Geopolitics are being reduced to videos lasting just a few minutes. Social media has surpassed traditional media, not only in the speed with which it is created and shared but also in its ability to frame our reality. People have the illusion of knowing what is happening and why within just a few hours—or less—of major world events. But reality is more complicated.
In the early hours of January 3, the United States attacked Venezuela. The sky thundered over Caracas with multiple explosions. Cuban president Miguel Díaz-Canel acknowledged that 32 Cuban soldiers died in combat during the US intervention. The attacks caused at least 80 deaths among other military personnel and civilians, according to reporting from The New York Times. The attack included the capture of president Nicolás Maduro, who was transferred to New York to be tried on narcoterrorism conspiracy and other charges.
Hours later, US president Donald Trump said he would run the South American country until there was a transition he considered satisfactory. At the same time, he said, US oil companies would revive the Venezuelan oil industry. Later, from Caracas, Venezuela vice president Delcy Rodríguez called for Maduro’s release, saying that the country “will never again be a slave or colony of any empire.” Maduro, meanwhile, slept in the Metropolitan Detention Center in Brooklyn, where he had been transferred after his capture.
The attack has returned the world to an era that many thought was long over, of direct US military involvement in the affairs of Latin American countries. And it's playing out very differently from what you might have seen on TikTok.
The Collapse of Fact-Checking in the Digital World
WIRED asked Julio Juárez, a psychological researcher at the Universidad Nacional Autónoma de México (UNAM) and academic secretary of the Center for Interdisciplinary Research in Sciences and Humanities, to analyze how the practice of verifying claims with sources has collapsed in the current digital world.
“The time that traditional media needed to verify information has been devoured by the speed of social media platforms. From the first reports of the attack on Venezuela, social media operated as a massive amplifier that not only transmitted different perspectives but also constructed reality," says Juárez. "It is the sign of an era where digital communication has primacy: It defines what happens and why. Donald Trump’s narrative was not random; it was an exercise in legitimization that polarized public opinion. Today, citizens face the challenge of exercising critical judgment in an environment that’s designed to provoke immediate reactions, not nuanced reflection.”
On his Truth Social account, Trump announced early in the morning after the military strike that the US had successfully carried out a “large-scale attack on Venezuela.” Maduro had been captured and taken out of the country by helicopter along with his wife, Cilia Flores. Both were transported by a military aircraft to a US ship, which took them to Guantanamo, where they then boarded a plane that took them to New York.
Historia Para Tontos (History for Dummies), a Spanish-language Instagram account that has disseminated its takes on history through the use of maps and satire, summarized the geopolitical tension of early 2026 in a viral video. In the clip, while an optimistic Mexico celebrates the arrival of the new year, an imperial US boasts: “I just bombed Venezuela and captured Maduro for the sake of world security.” The punch line is a critique of American exceptionalism, as the character continues, “and the world is me.”
Comments quickly followed. “Where was the concern for international law when Maduro violated our human and civil rights year after year for more than a decade?
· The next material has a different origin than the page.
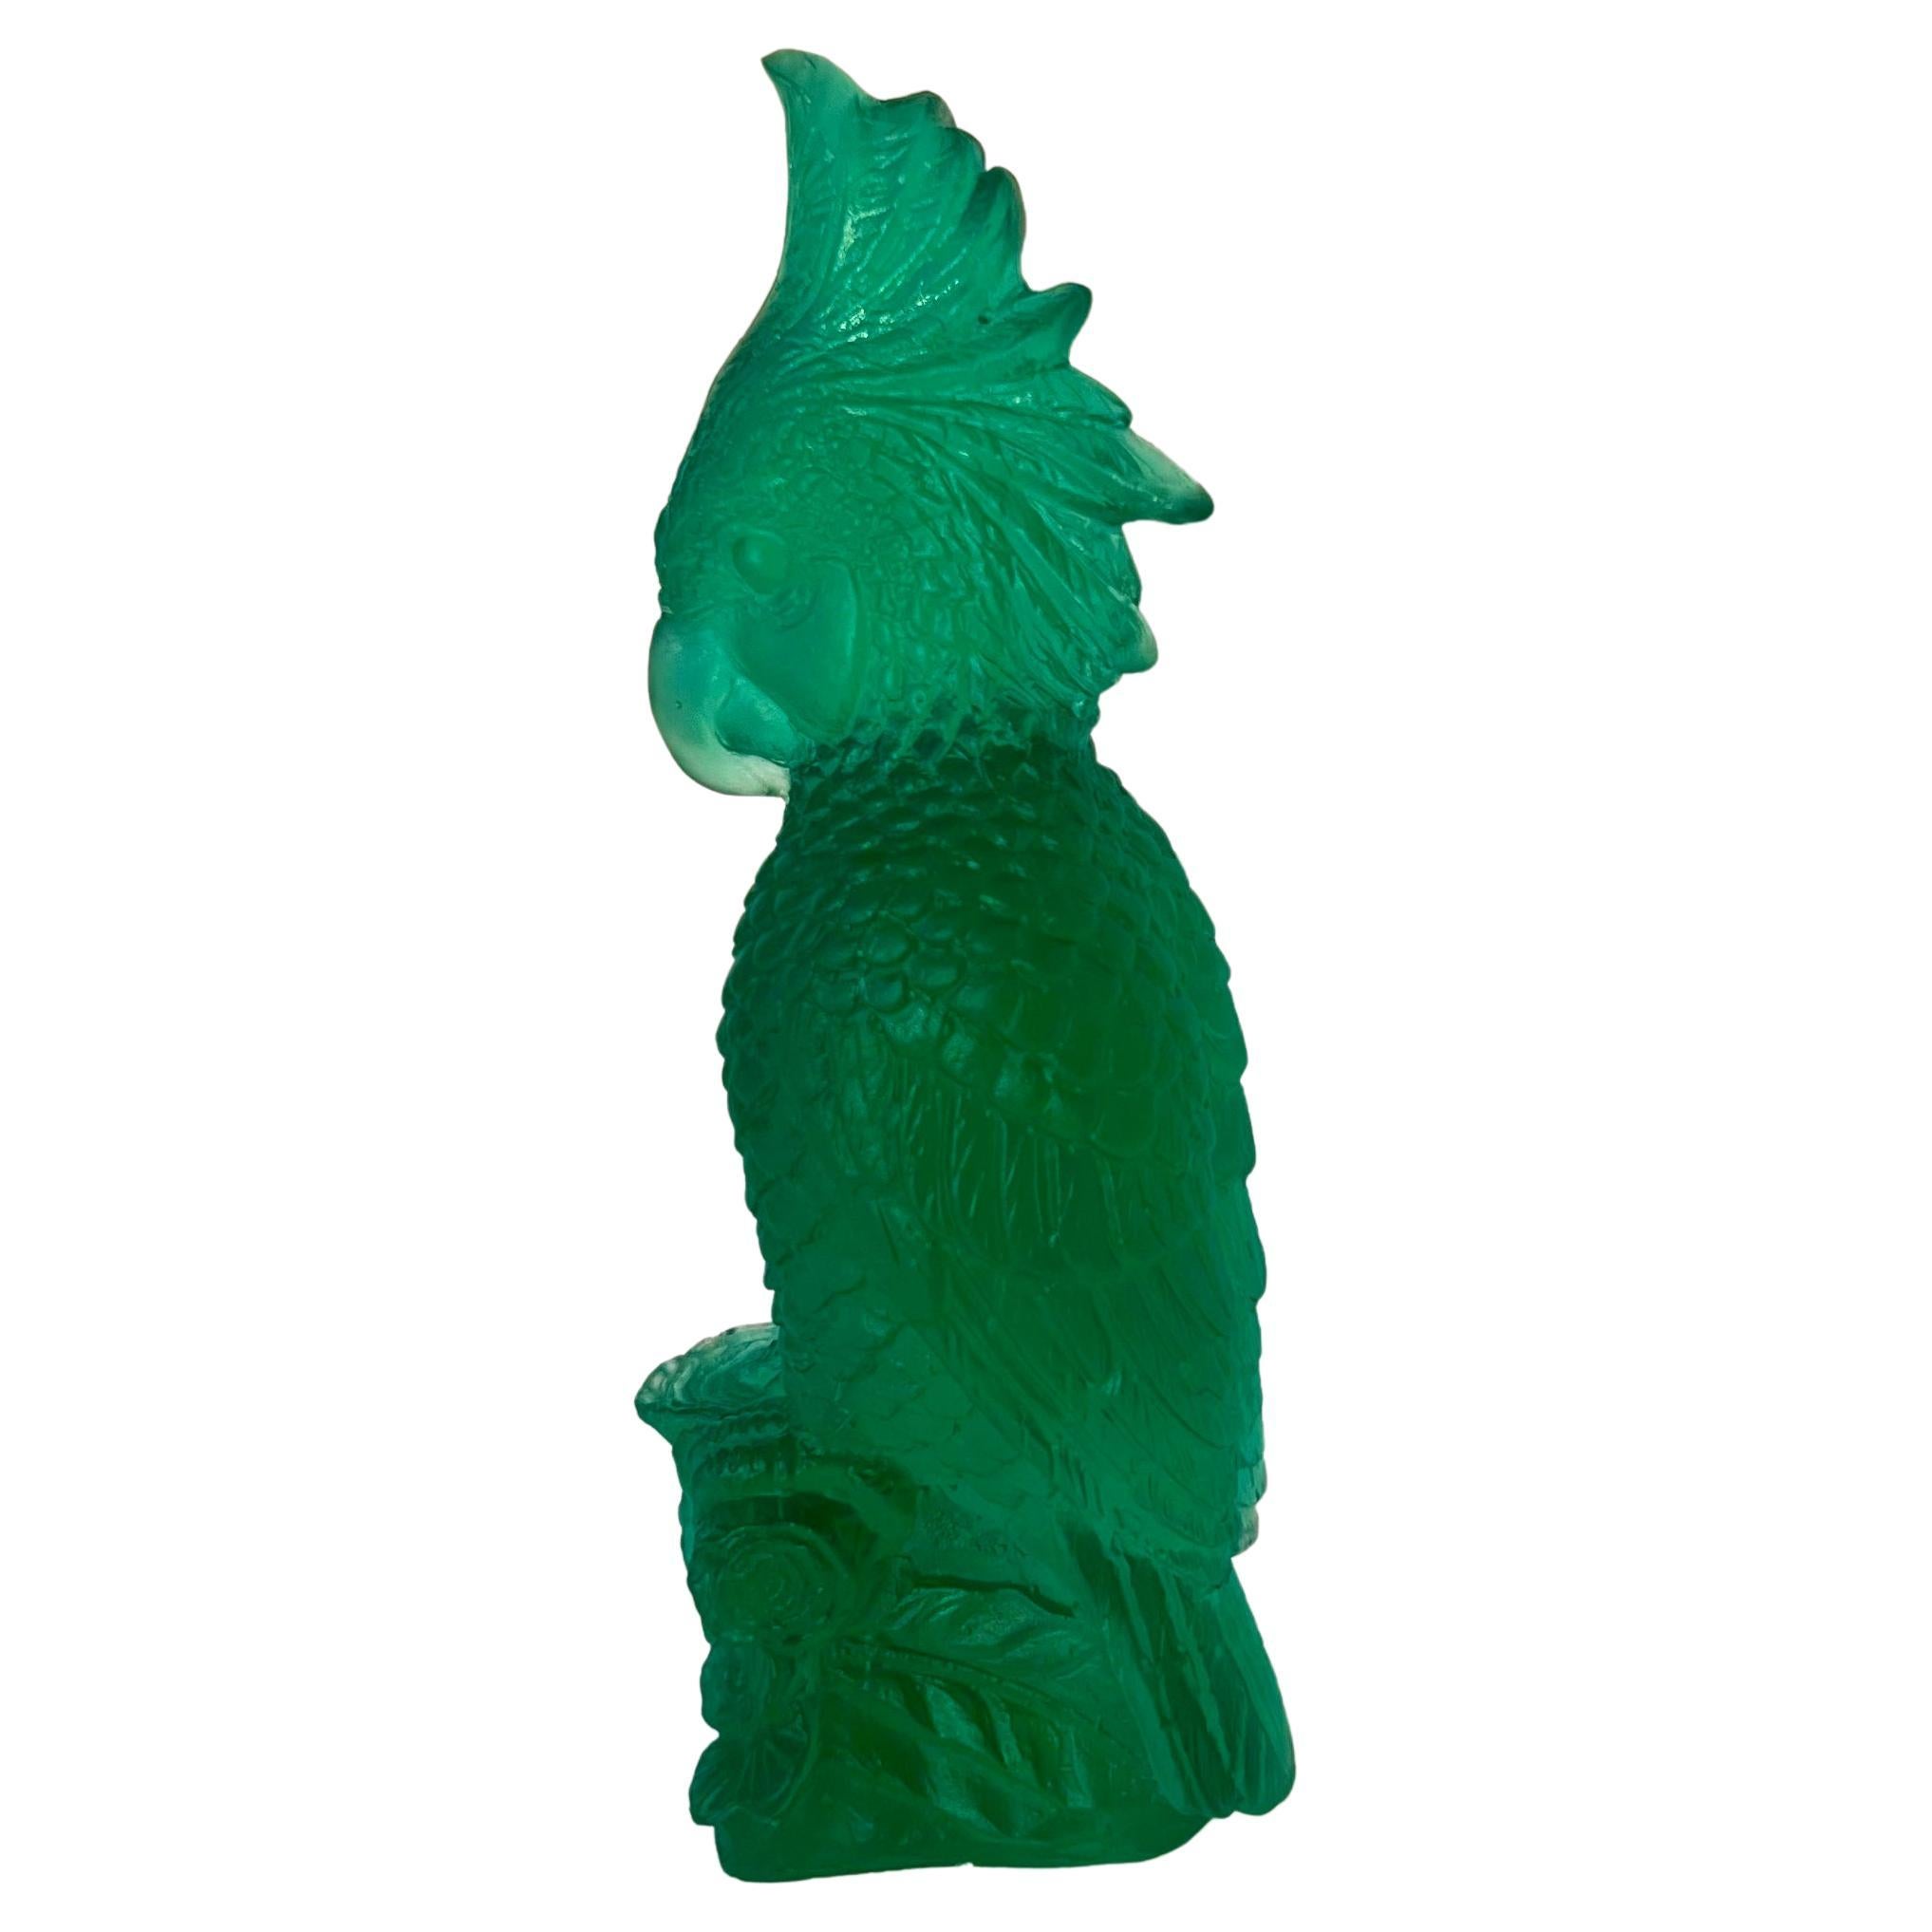 Sculpture de perroquet en verre Pate-de-Verre sculptée à la main en vert émeraude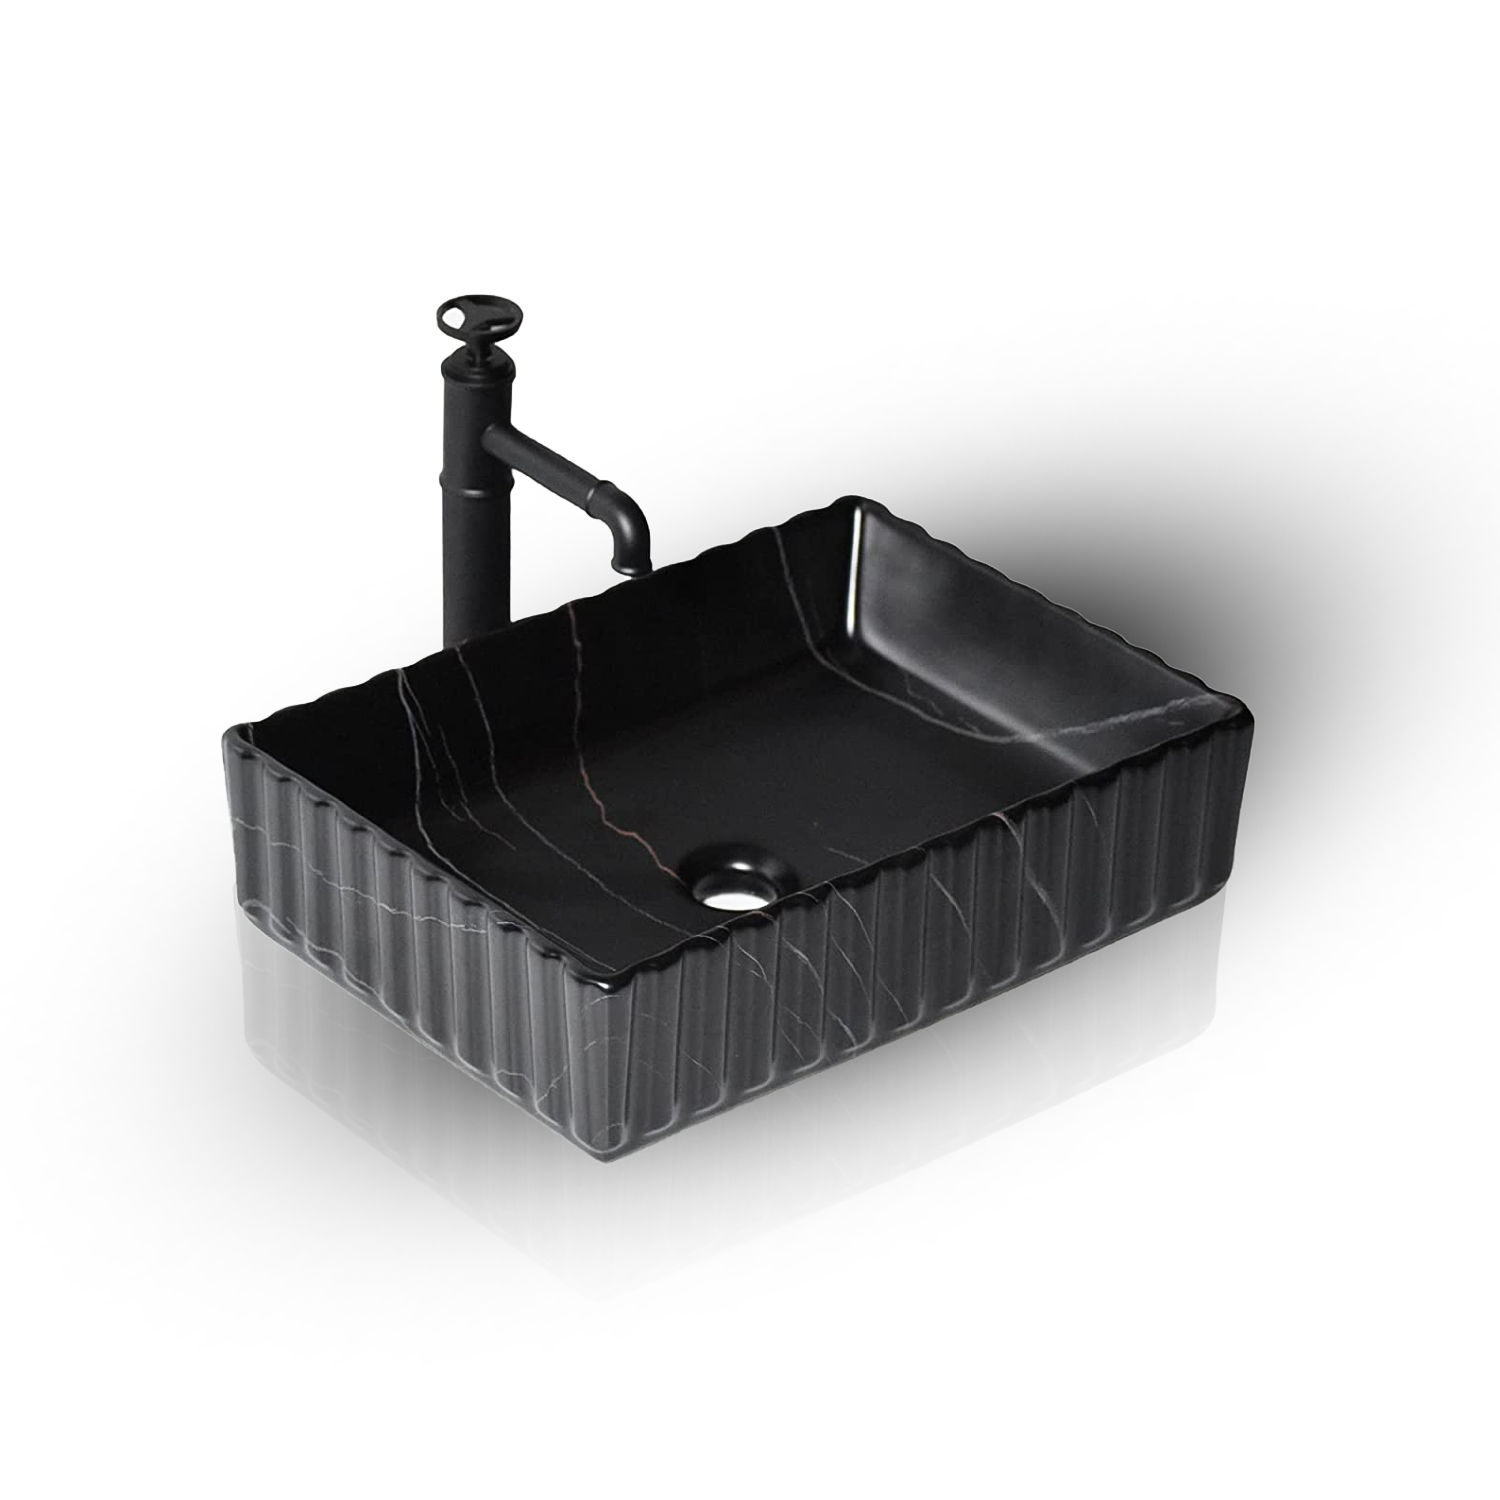 inart black color wash basin

Where were those laws when they starved us, killed our students for protesting peacefully, and let political prisoners die? Where were YOU, Mexico, during those 25 years when we were crying out for help? Did you raise your voice to defend our sovereignty when Maduro stole the elections last year? Were you outraged to learn that Cuba, China, Iran, and Russia were stealing our oil and natural resources? Stupid international laws have watched us bleed to death for almost three decades. Do us a favor and keep quiet and look the other way. Thank you.🥰 Sincerely, Venezuela,” wrote Dayani López in one reply.